Endless Gossip
- Sire: Priceless Border
- Dam: Narrogar Ann
- Sex: Dog
- Whelped: March 1950
- Color: Brindle
- Owner: Henry Ernest Gocher
- Trainer: Leslie Reynolds

Record
- English Greyhound Derby Welsh Greyhound Derby Select Stakes All England Cup Champion Stakes Wembley Summer Cup

Awards
- Derby champion

= Endless Gossip =

Famous racing greyhound

Endless Gossip was a racing greyhound during the 1950s. He won the 1952 English Greyhound Derby.

== Early life ==
He was bred by Henry Ernest Gocher, a retired cattle breeder. The choice of sire and dam was determined by Gocher's belief that greyhounds could be bred using the same genetic theories he had used for many years in raising prize beef cattle. He purchased the 1949 English Greyhound Derby champion Narrogar Ann and mated her to the 1948 English Greyhound Derby champion with the idea that this would result in a champion litter. The litter was whelped in March 1950 and they were given names with the initials EG after his own name. Both the sire and dam had been trained by Leslie Reynolds, which was also his chosen trainer for his pick of the new litter.

== Racing career ==
One of the first targets for Endless Gossip was the 1952 English Greyhound Derby and he caused a sensation during the first round when winning in 28.52 seconds by ten lengths and recording a sectional time of 15.94, the first ever greyhound to break 16 seconds for a split time. He went on to win the Derby which culminated in the final on 28 June.

Just one week later he won the Welsh Greyhound Derby at Cardiff Arms Park and was denied the chance to win the Triple Crown when the Scottish Greyhound Derby was cancelled. The fine form continued during the season when he then won the Laurels at Wimbledon Stadium.
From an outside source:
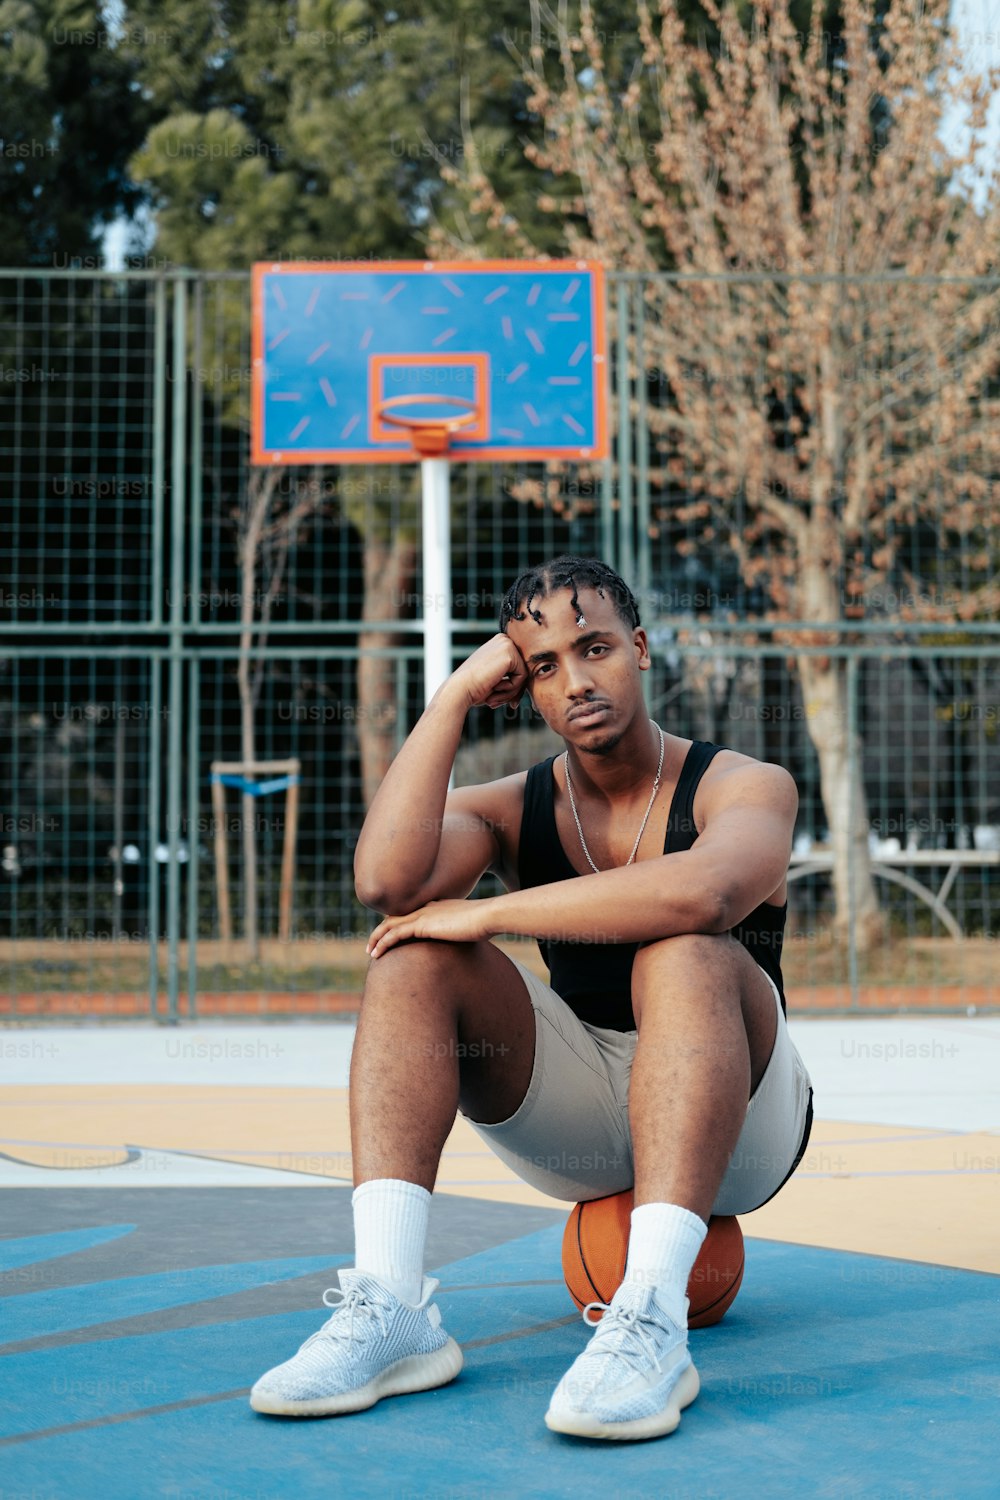 Un uomo seduto su un campo da basket con in mano un pallone da basket
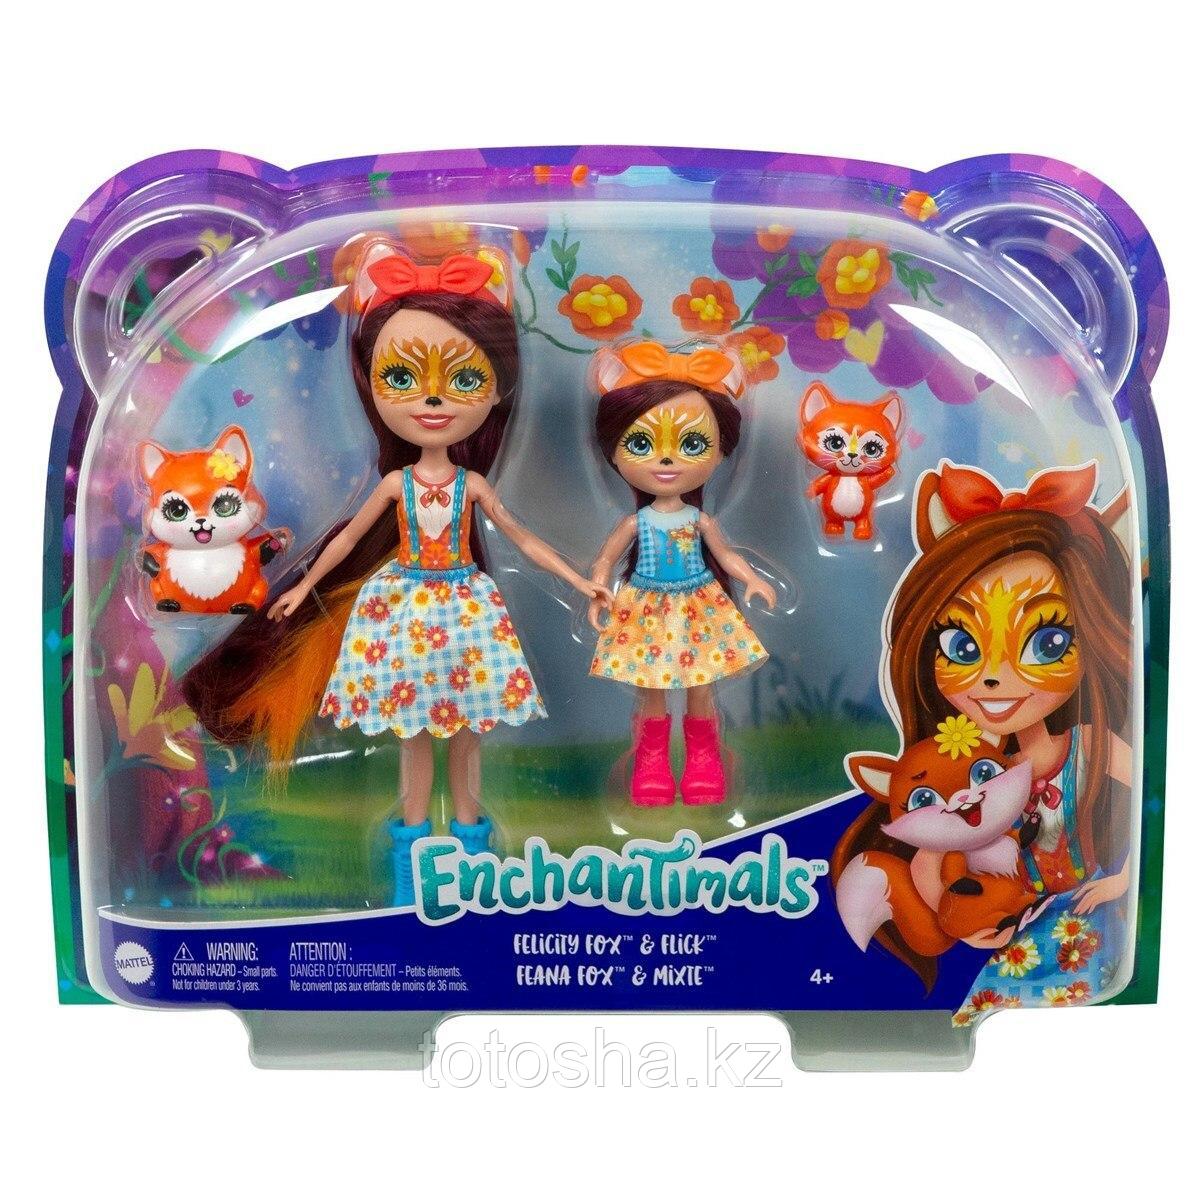 Куклы Enchantimals "Фелисити Лис с сестричкой Феаной Лис и питомцы " , Mattel HCF81

In 1953 he was the first Derby champion to compete in the Waterloo Cup coursing event, which was rare for a champion track racing greyhound before he headed back to White City to defend his Derby title. The campaign finished at the second round stage before he made a second Welsh Derby final. He finished his career with wins in the Select Stakes, at Wembley beating his great rival, Magourna Reject and the Wimbledon Champion Stakes, which he again won from Magourna Reject. This brought his winnings to more than £5,000. He later won a prize in the show ring at Crufts and was sold to Miss Joan Hunt, an American breeder, in Miami and was put to stud.